The FAA is moving forward with an NTSB recommendation to require additional sleep study testing for a medical certificate if you have a history of sleep apnea, and/or if you meet certain criteria that would increase the likely hood of you having the disorder. I would imagine the additional criteria would be in the form of height and weight standards. Pretty much anyone over 200lbs would be a candidate for such testing.

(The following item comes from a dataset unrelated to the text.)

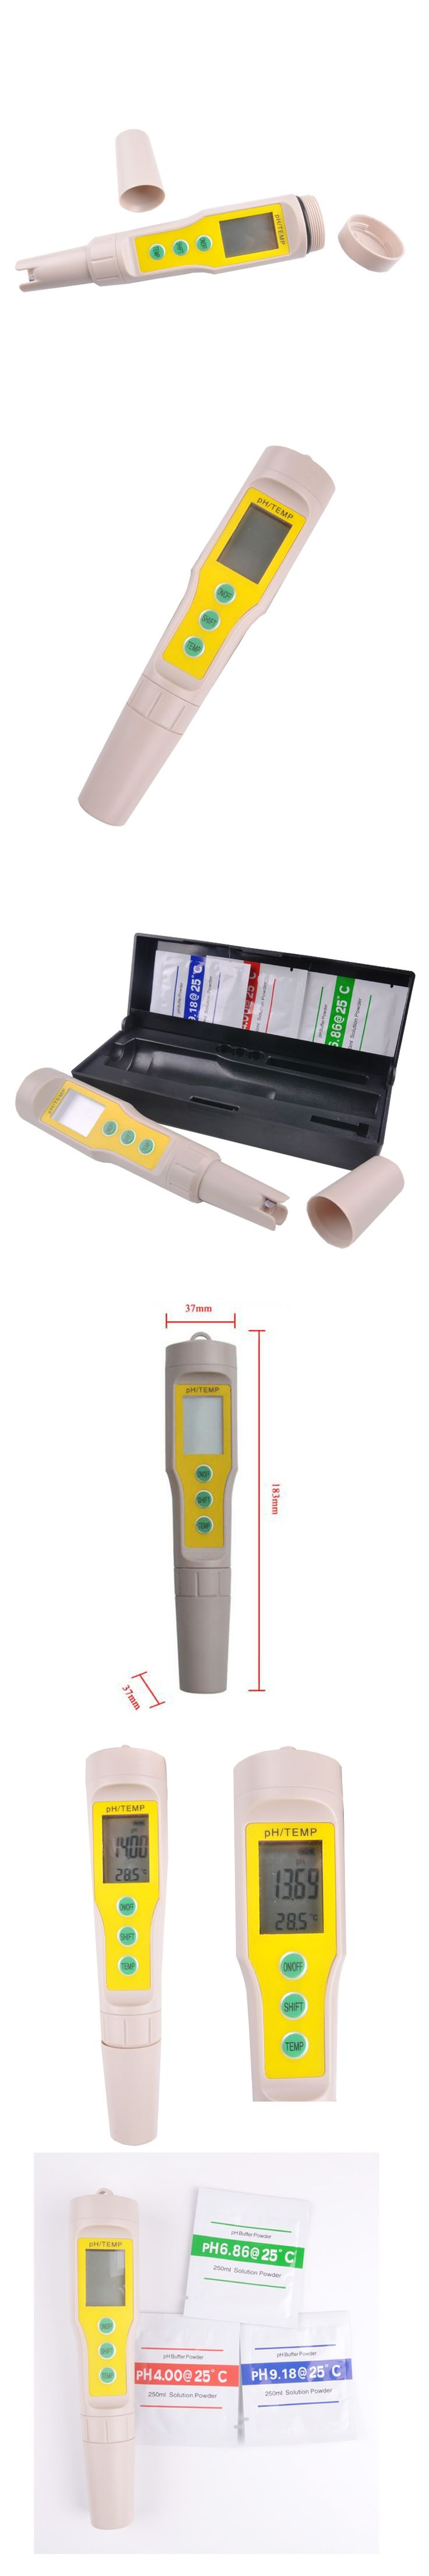 Electronic digital display double pH meter, water pH meter, portable pH meter professional, free shipping

I am a victim of sleep apnea myself and I have been through the entire process and I can tell you that it is a royal pain in the arse. First an initial sleep study would be required. If the initial study showd signs of sleep apnea you would be required to seek further treatment. Types of treatment include surgical procedures to remove your tonsils(if you still have them,) septoplasty, removal of your uvula, removal of a portion of your upper pallet, a procedure where they break your lower jaw and place steel extenders in it to move your lower mandible forward, implants put into your tongue to pull your tongue away from the back of your throat and a few others. Most often times one of the above procedures is coupled with the use of a mouthpiece worn while sleeping, or the use of a CPAP or BIPAP machine that goes over your face while you sleep. It usually takes a multiple approaches and even then, usually the Apnea doesn't go away completely. Cure rate is usually around 33-40% in adults. Losing weight also helps, but losing weight as a single solution is not an approved therapy per the FAA.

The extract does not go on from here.